Hannah y Nannah estaban a un lado, de espaldas a la pared mientras las dos seguían viendo a sus variantes intentar ganarse a Riley.

Ahora estaban en otra parte de la estación espacial, una sala donde todos los Bernard podían relajarse y desconectar; es decir, había un gran bar, donde Bernard, Bard y Diana mantenían en ese momento la primera conversación informal que habían tenido desde que se conocieron.

En cuanto a Aerith, estaba hablando con Paige y Gracy… mientras jugaba a un juego de lucha en el que estaba perdiendo por décima vez. Ahor Zai la sustituía cada vez que perdía. Y, por supuesto, como IA, Ahor Zai no tenía ninguna posibilidad de perder contra nadie. La vez que más cerca estuvo de perder fue con Chihiro.

Xra observaba detrás de ellas; al principio solo esperaba a que Ahor Zai se detuviera para poder preguntarle cómo usar el anillo, pero se sintió visiblemente intrigada por lo que estaban jugando debido a su naturaleza violenta.

Hera estaba en el spa con Baluarte.
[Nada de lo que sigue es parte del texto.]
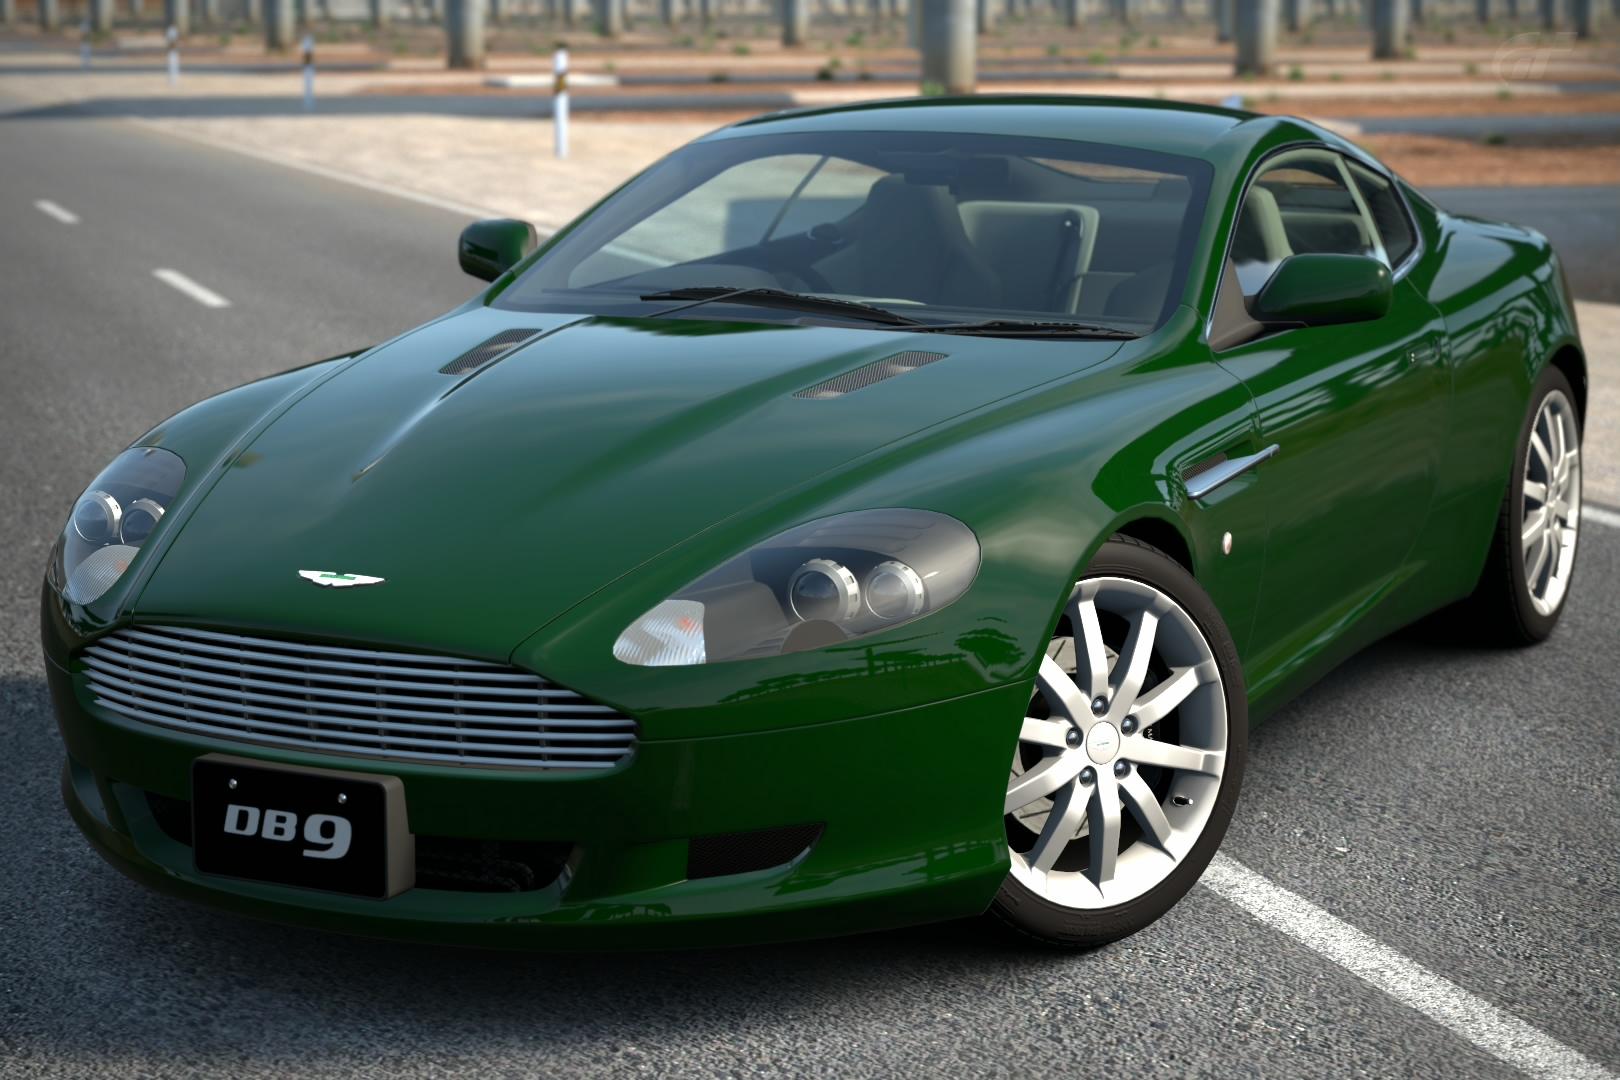 Aston Martin Db9 Coupe 06 Gran Turismo Wiki Fandom Powered By Wikia
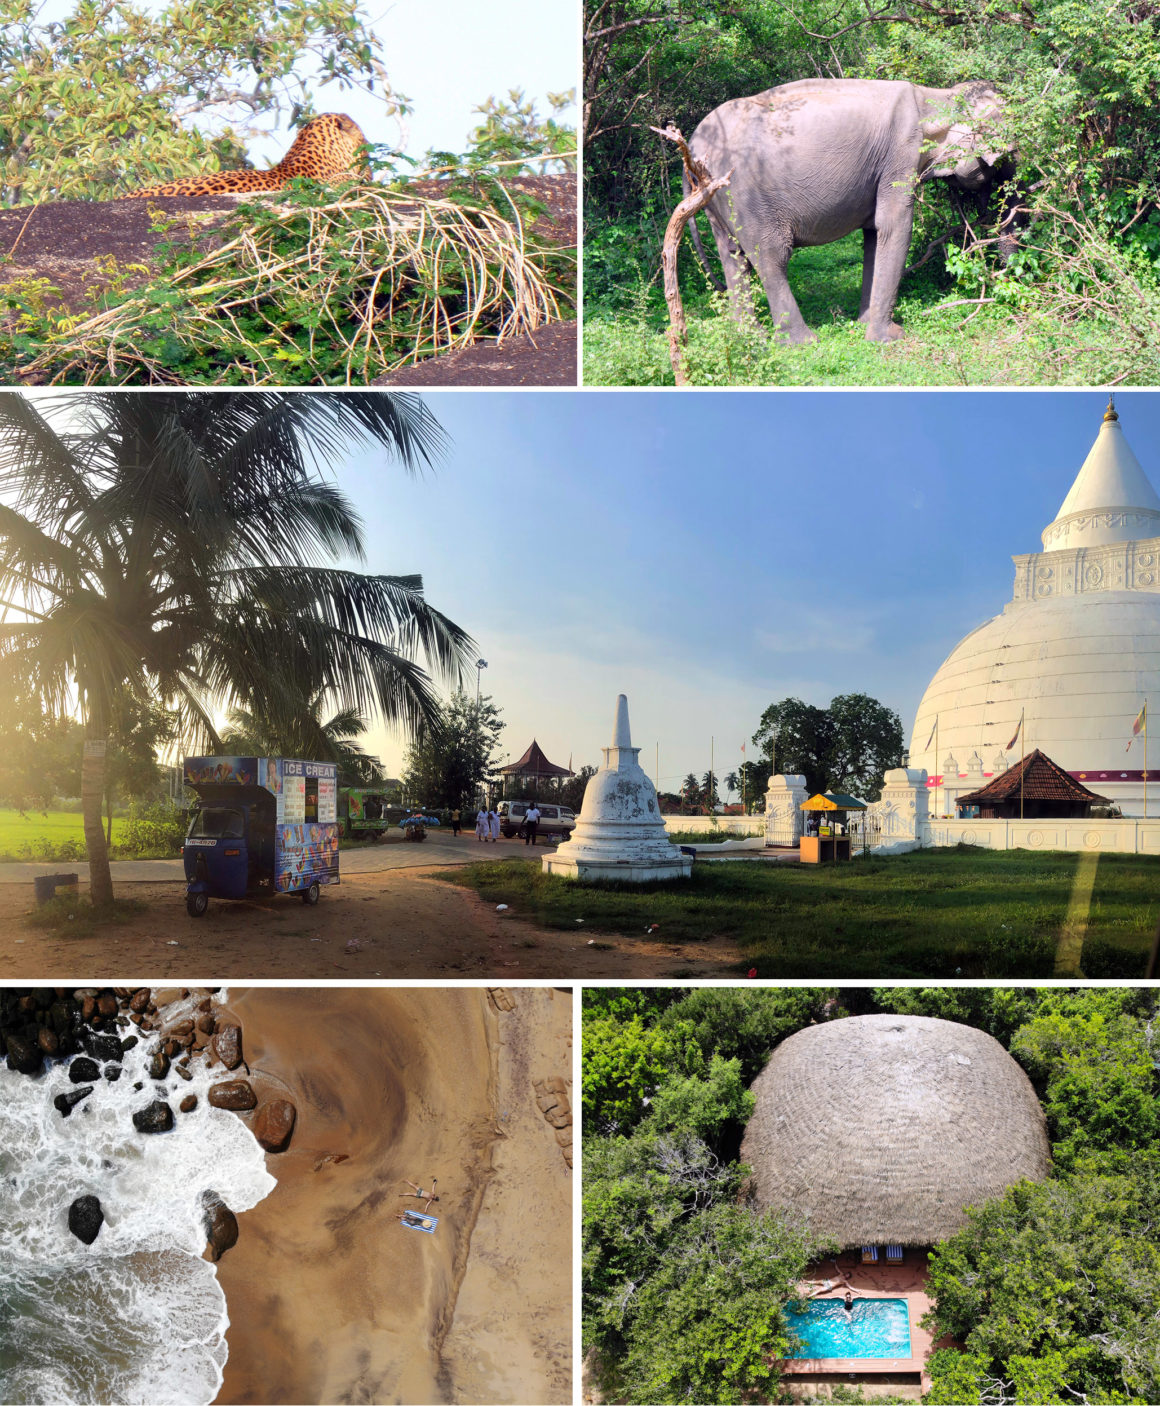 ruta por Sri Lanka en 8 días ruta por sri lanka en 8 días - thewotme chena huts yala national park leopard 1160x1406 - Nuestra ruta por Sri Lanka en 8 días, diario de viaje

En cuanto al Hombre de Entrega y Cherbi, se limitaban a pasear por la gigantesca estación espacial intentando encontrar cosas que hacer y lugares que ver.

Y aunque había vivido durante más de mil millones de años, era como un niño que lo experimentaba todo por primera vez, y quizá lo era. Como ser que no conocía más que el devorar, los momentos en los que se detenía a observar su entorno eran casi nulos. Bueno… en realidad seguía intentando comerse todo lo que veía. Si no fuera por Entrega apartándole las cosas de la boca, la estación espacial probablemente ya habría perdido la mayor parte de su peso.

Pero no era solo Cherbi quien miraba a su alrededor, los ojos de Entrega también estaban llenos de una sensación de curiosidad; sus manos y dedos, intentando tocarlo todo como si fuera la primera vez que veía tales cosas.

—Así que… ¿he oído que a ti también te contrató el señor Riley?

—El jefe no me contrató. Cherbi sacó muy sutilmente un jarrón que se había tragado.

—Oh, igual —rio entre dientes Entrega mientras se tocaba la gorra—. No fui contratado por él, literalmente, más bien le ofrezco mis servicios.

—Pero tu servicio ya ha terminado, Entrega. El Torneo ya ha acabado.

—Bueno, estoy haciendo horas extras —sonrió Entrega—. No salgo mucho. Soy… un súper, pero solo existo cuando hay una entrega. Raro, ¿verdad? Para la mayoría, sus habilidades son un don. Para algunos, es una maldición. Para mí, lo es todo.

—…

—Tú… no estás realmente interesado en lo que digo, ¿verdad?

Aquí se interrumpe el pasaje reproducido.